Wait a minute, wait a minute, you ain’t heard nothing yet!
I have always wondered, did Al Jolson know what he was saying with those eleven very simple words in 1927’s The Jazz Singer? Did writer Alfred Cohn know what he was doing when he put those words down on paper? Did director Alan Crosland know what he was seeing in the room where those words were being said?
Those eleven simple words, four seconds of screen time, kicked off a revolution. Because those eleven words were the first words of spoken dialogue ever put on screen in a motion picture.
Wait a Minute
America was comfortably in the roaring twenties. Prohibition was in full swing. And the movie business in Hollywoodland (as it was known then) was still in its infancy. The Warner brothers, who produced The Jazz Singer, founded Warner Features Company just 16 years prior. Silent pictures were still the rage, and in a lot of ways, seemed to be the only way the art form would exist. You want to hear someone talk? You go see a play.
But on the 6th of October, 1927, everything changed. 20 minutes into a movie that had already had four musical numbers, Al Jolson speaks those eleven simple words. It’s hard to convey the ground shift that the entertainment world must have felt. Those eleven simple words were like Kennedy’s promise to go to the moon. It would be like seeing that walking brachiosaurus in Jurassic Park. (Sure we had seen computer generated imagery before 1993, but to see a living, breathing animal, an animal that had never been seen before, brought to life on screen using purely computers, blew our minds.)
You Ain’t Heard Nothing Yet!
It’s also important to note that The Jazz Singer wasn’t the first time audio was put to film. Music had already been done, removing the need for a live orchestra to be playing in time with a silent film. Speeches had been filmed. Short “talkies” had been made. But this was the first in a feature length film. The Jazz Singer only had two scenes with dialogue. But it was enough.

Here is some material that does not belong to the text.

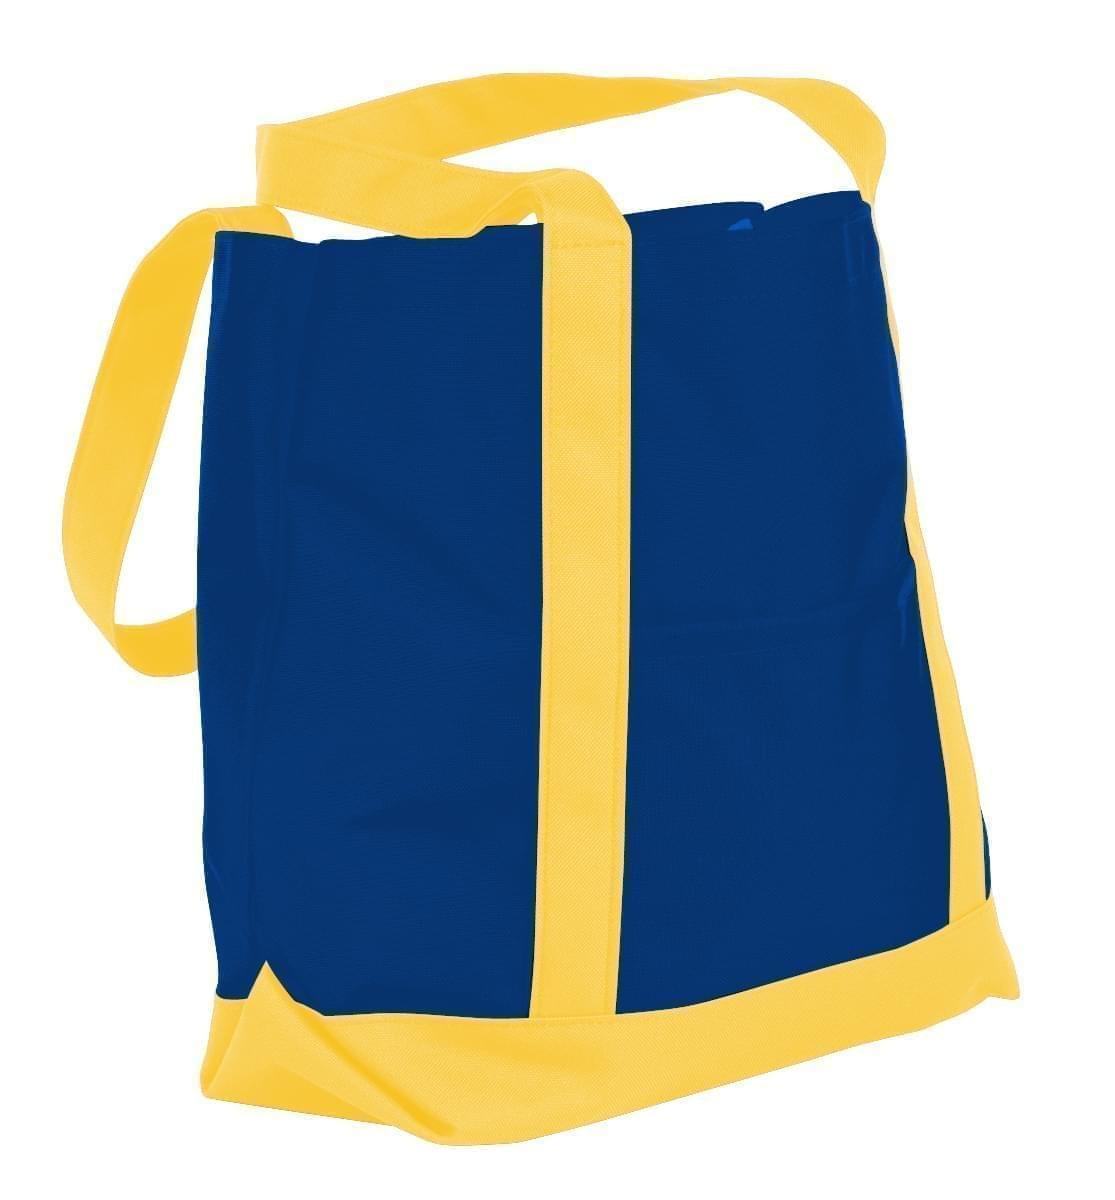 USA Made Nylon Poly Boat Tote Bags, Royal Blue-Gold, XAACL1UA0Q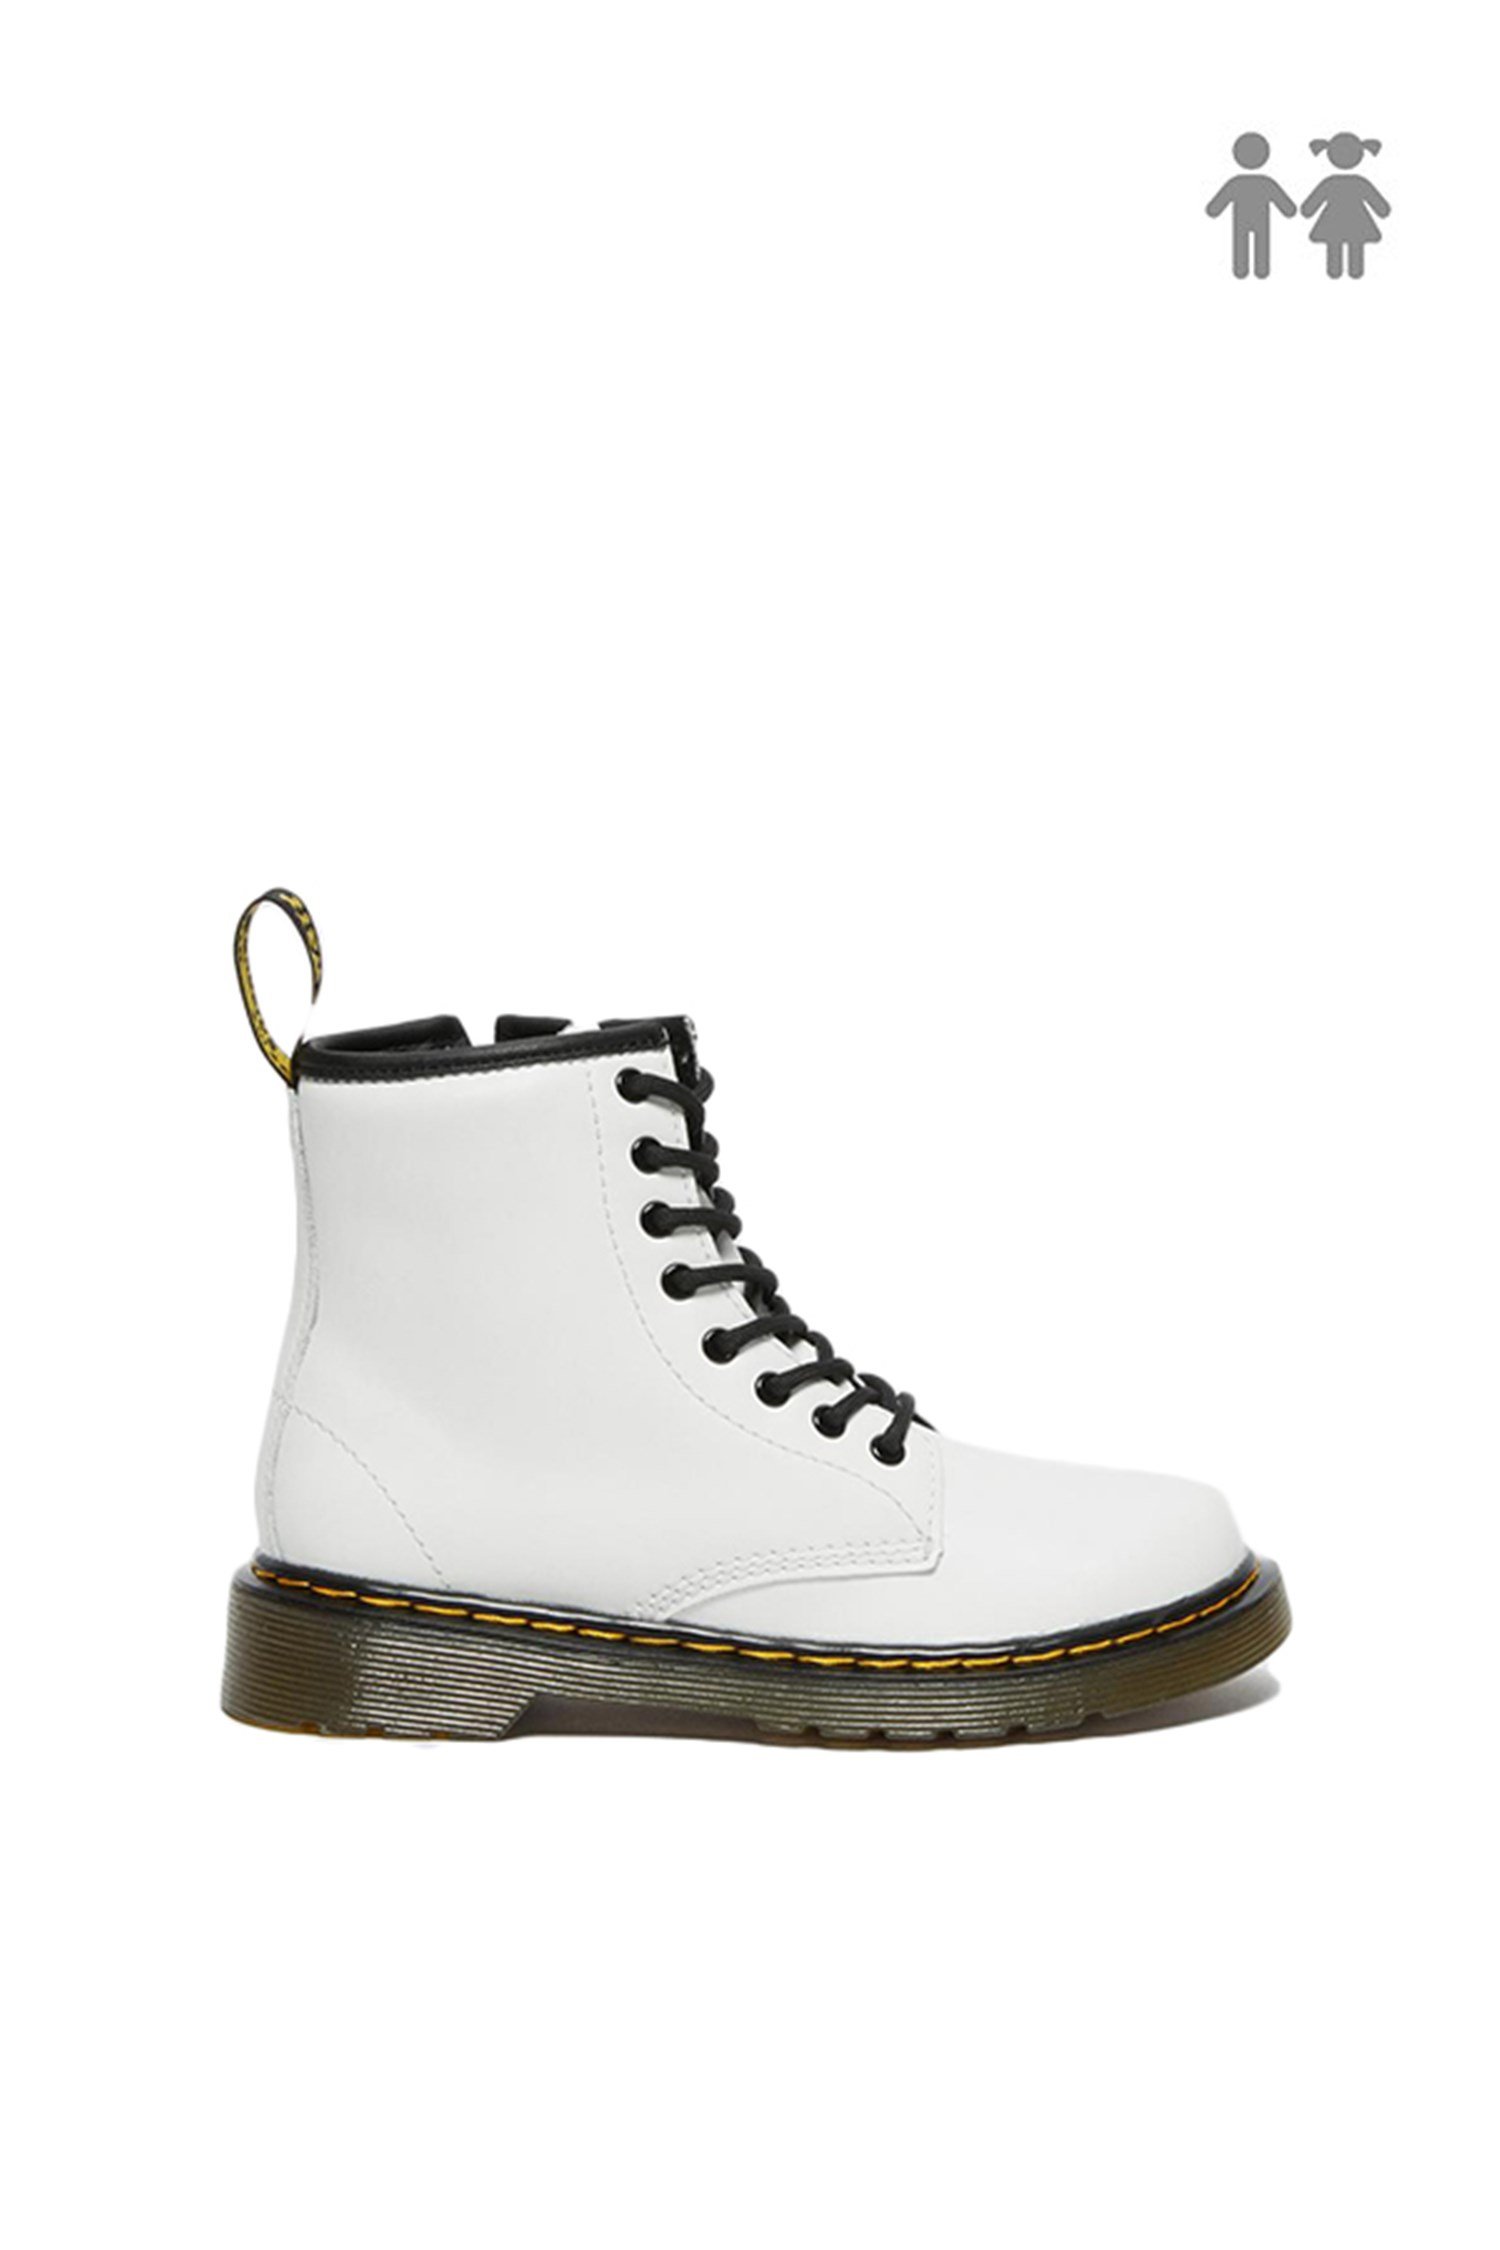 Dr. Martens Boots boots Children

To explain the plot of The Jazz Singer in 2022 would be 95 years too late. The story of a child defying his religious father to become an entertainer is one of the touchstones of Hollywood stories. Yes, the movie does end with our hero Jackie Robin in blackface. But the movie’s standing in cinematic lore is less to do with that, and more to the simple fact that The Jazz Singer was the first to do this thing that we all, as a society, now take for granted.
Just know that for four seconds, 95 years ago today, and through eleven simple words, the entertainment world, and the world in general, began to change.
Wait a minute, wait a minute, you ain’t heard nothing yet!